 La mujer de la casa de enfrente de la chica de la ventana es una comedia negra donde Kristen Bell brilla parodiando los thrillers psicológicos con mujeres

------------------------------

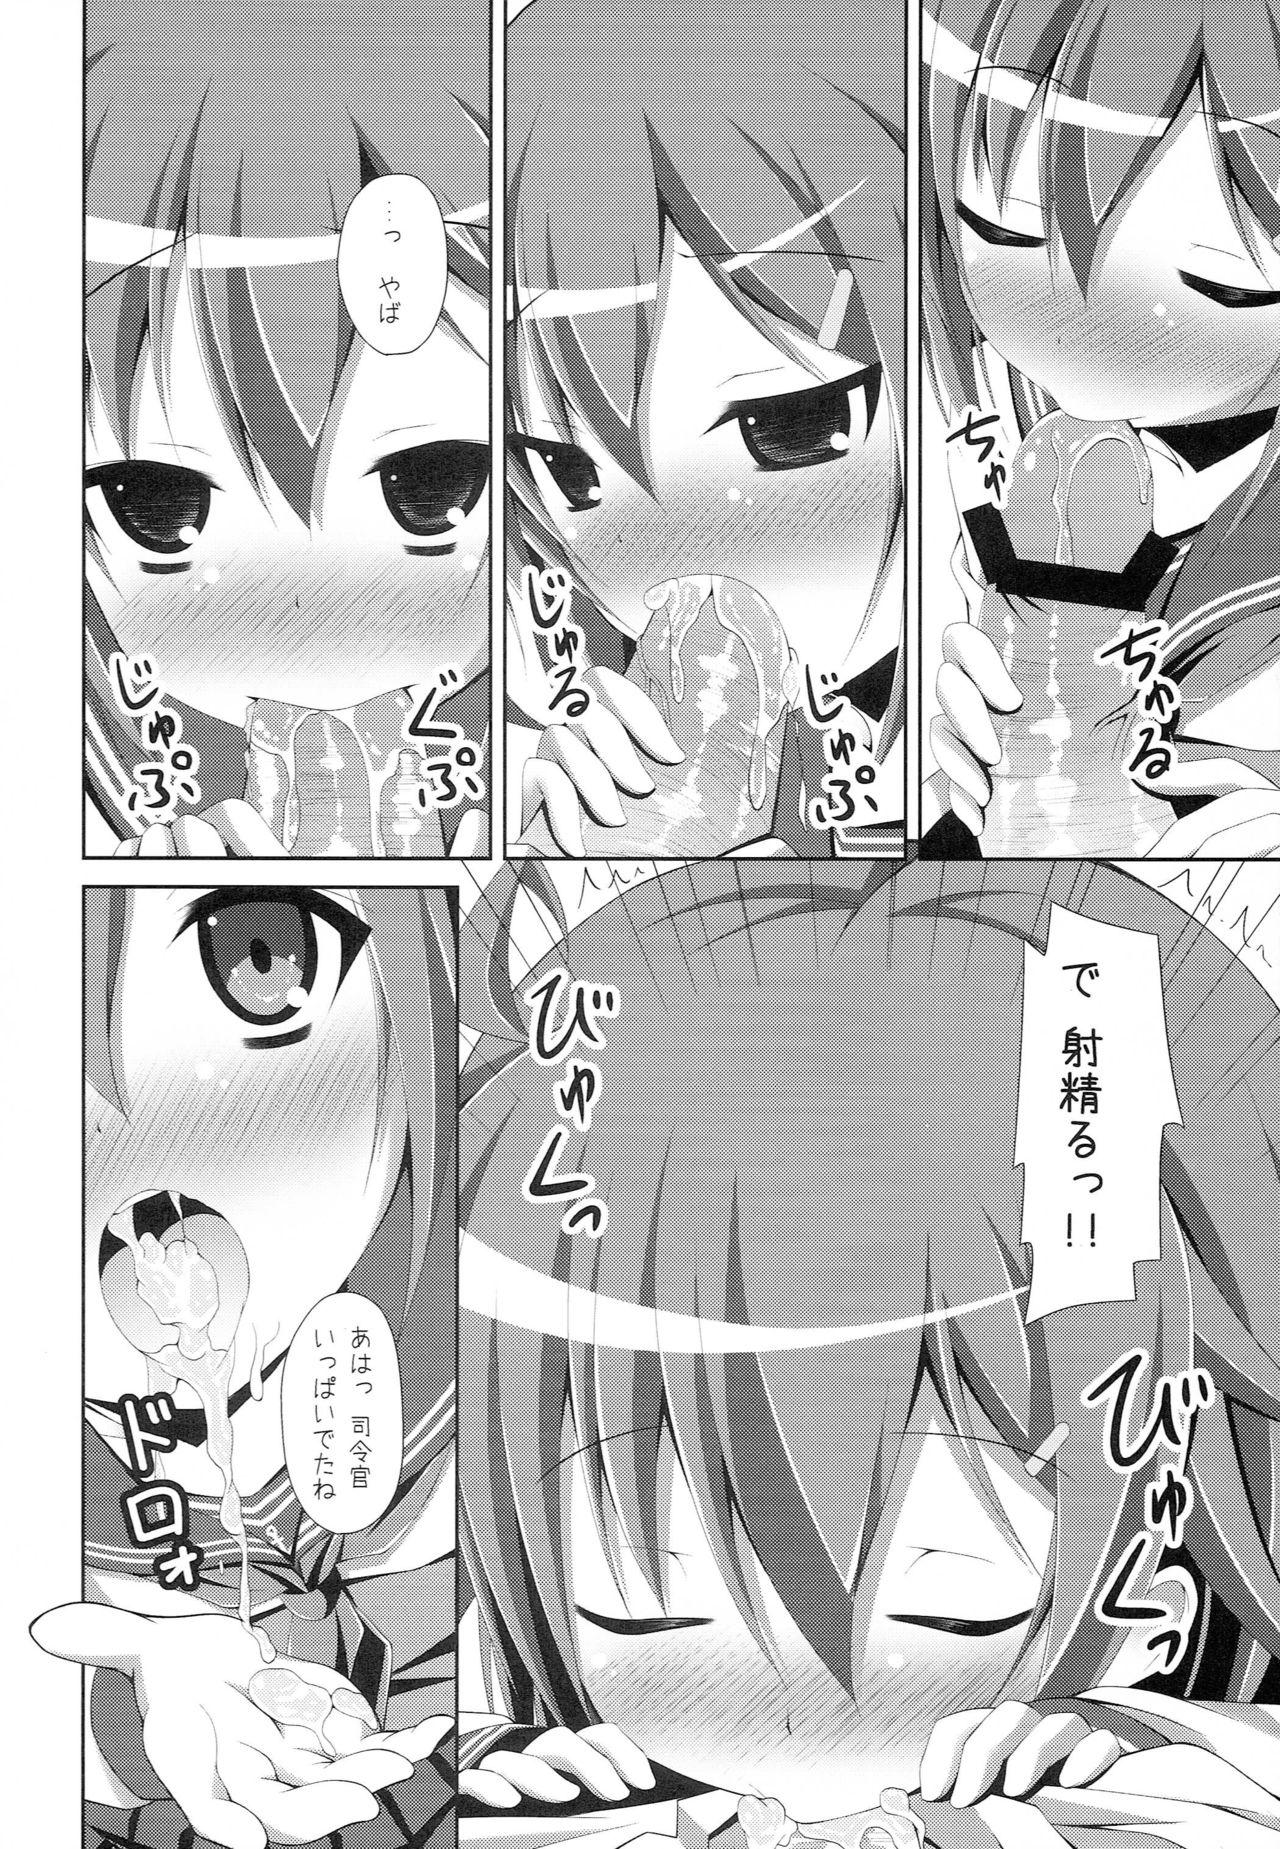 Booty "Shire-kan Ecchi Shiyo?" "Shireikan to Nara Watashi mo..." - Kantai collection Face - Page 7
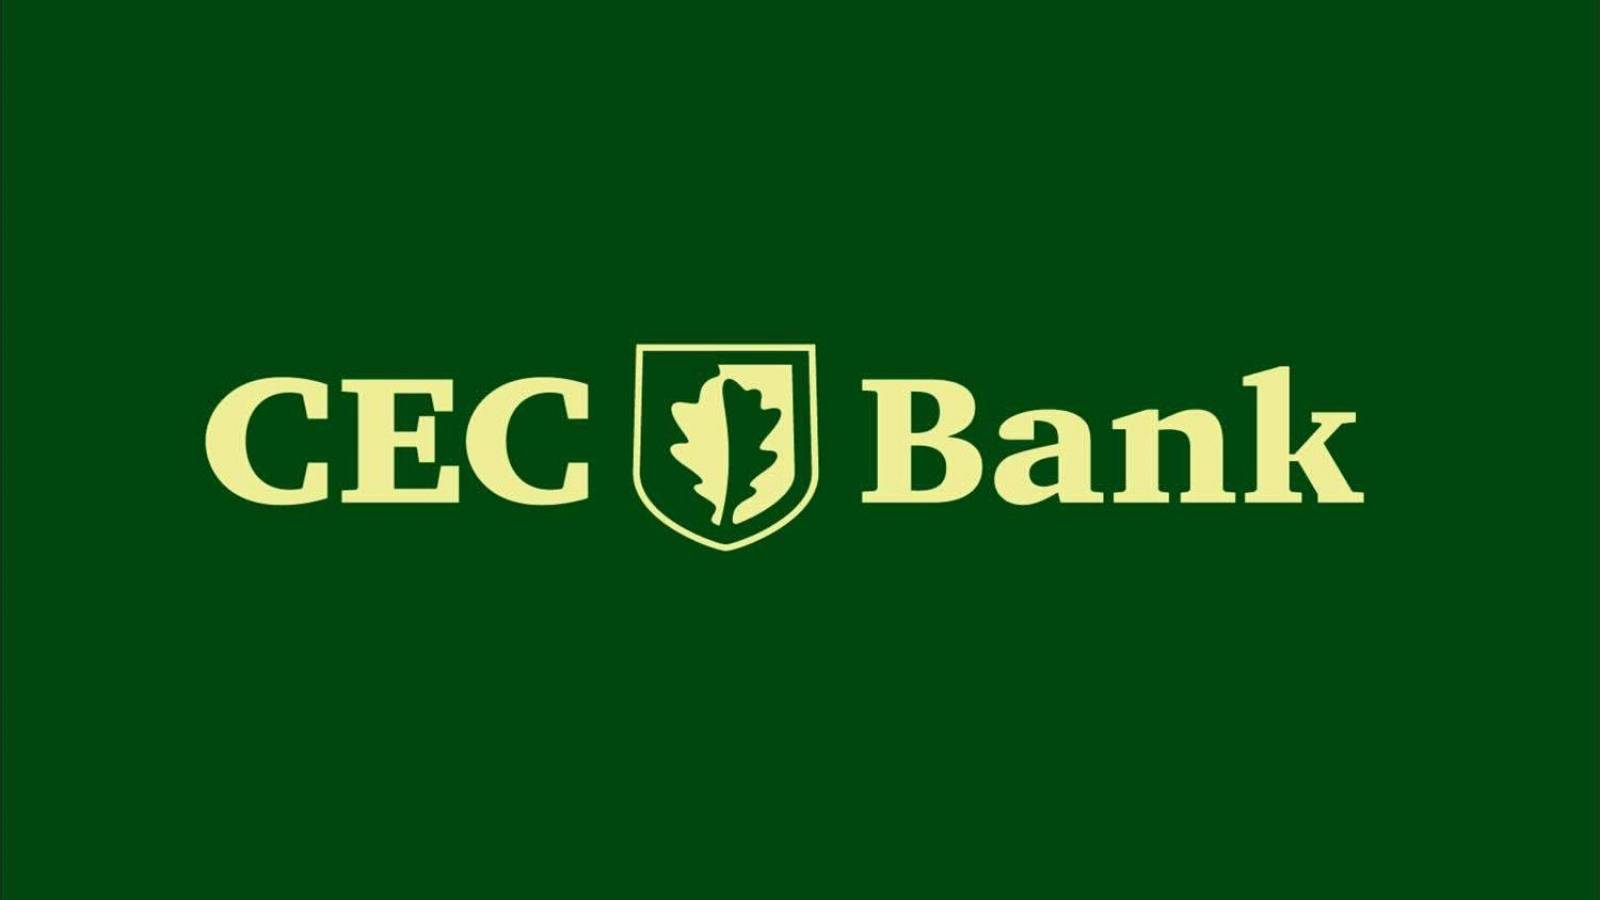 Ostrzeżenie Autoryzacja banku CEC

------------------------------

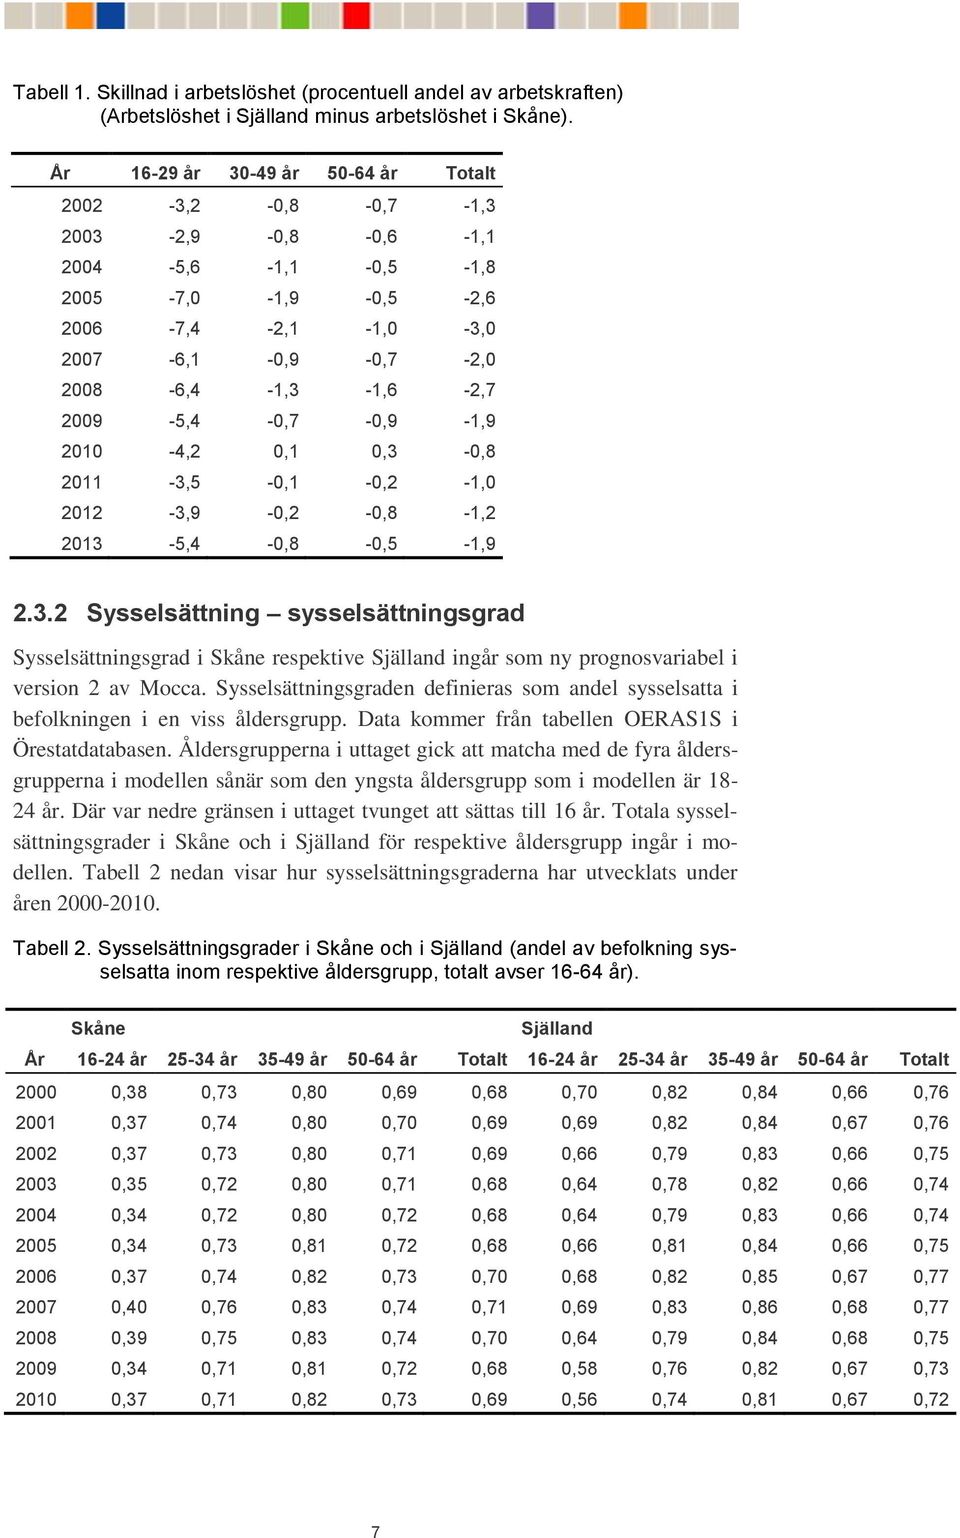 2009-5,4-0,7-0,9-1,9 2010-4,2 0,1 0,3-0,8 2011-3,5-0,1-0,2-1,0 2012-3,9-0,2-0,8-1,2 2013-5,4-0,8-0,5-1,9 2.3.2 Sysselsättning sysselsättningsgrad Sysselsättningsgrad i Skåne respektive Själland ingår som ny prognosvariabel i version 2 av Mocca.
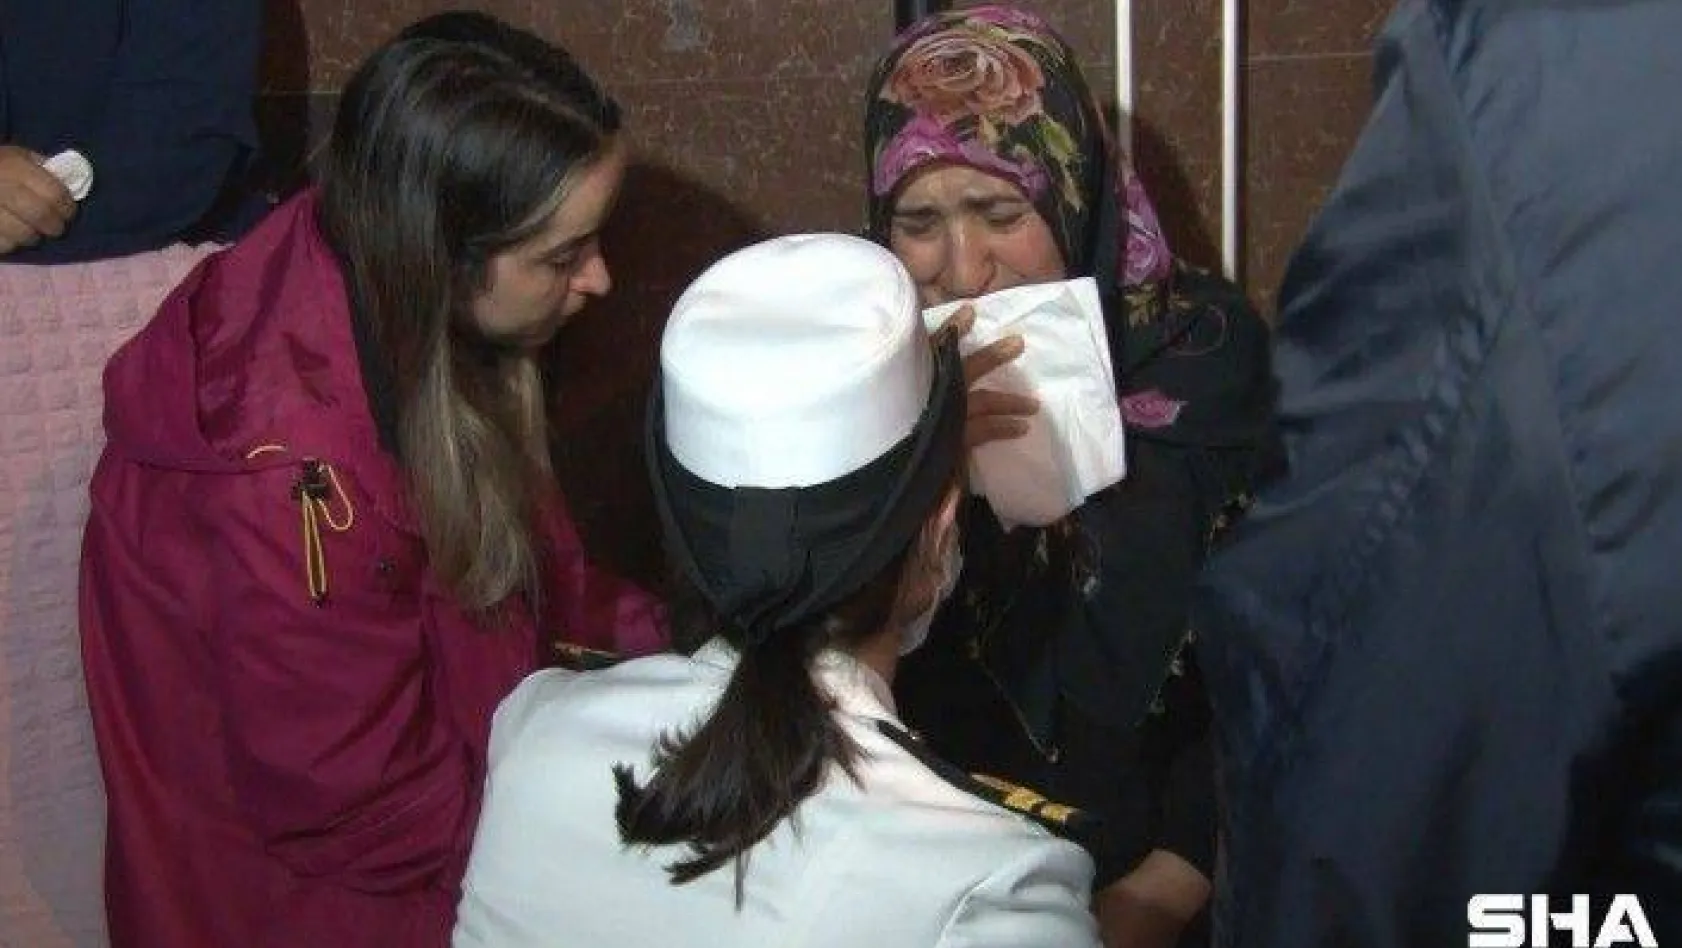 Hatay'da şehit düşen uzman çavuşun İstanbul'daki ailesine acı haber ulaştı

------------------------------

**WHAT YOU ARE ASKED TO DO**
Starting at the line containing "2009-5,4-0,7-0,9-1,9 2010-4,2 0,1" and stopping at the line containing "Hatay'da şehit düşen", output each line exactly as it appears above. Leave out the pictures.

**EXERCISE OUTPUT**
 2009-5,4-0,7-0,9-1,9 2010-4,2 0,1 0,3-0,8 2011-3,5-0,1-0,2-1,0 2012-3,9-0,2-0,8-1,2 2013-5,4-0,8-0,5-1,9 2.3.2 Sysselsättning sysselsättningsgrad Sysselsättningsgrad i Skåne respektive Själland ingår som ny prognosvariabel i version 2 av Mocca.
 Hatay'da şehit düşen uzman çavuşun İstanbul'daki ailesine acı haber ulaştı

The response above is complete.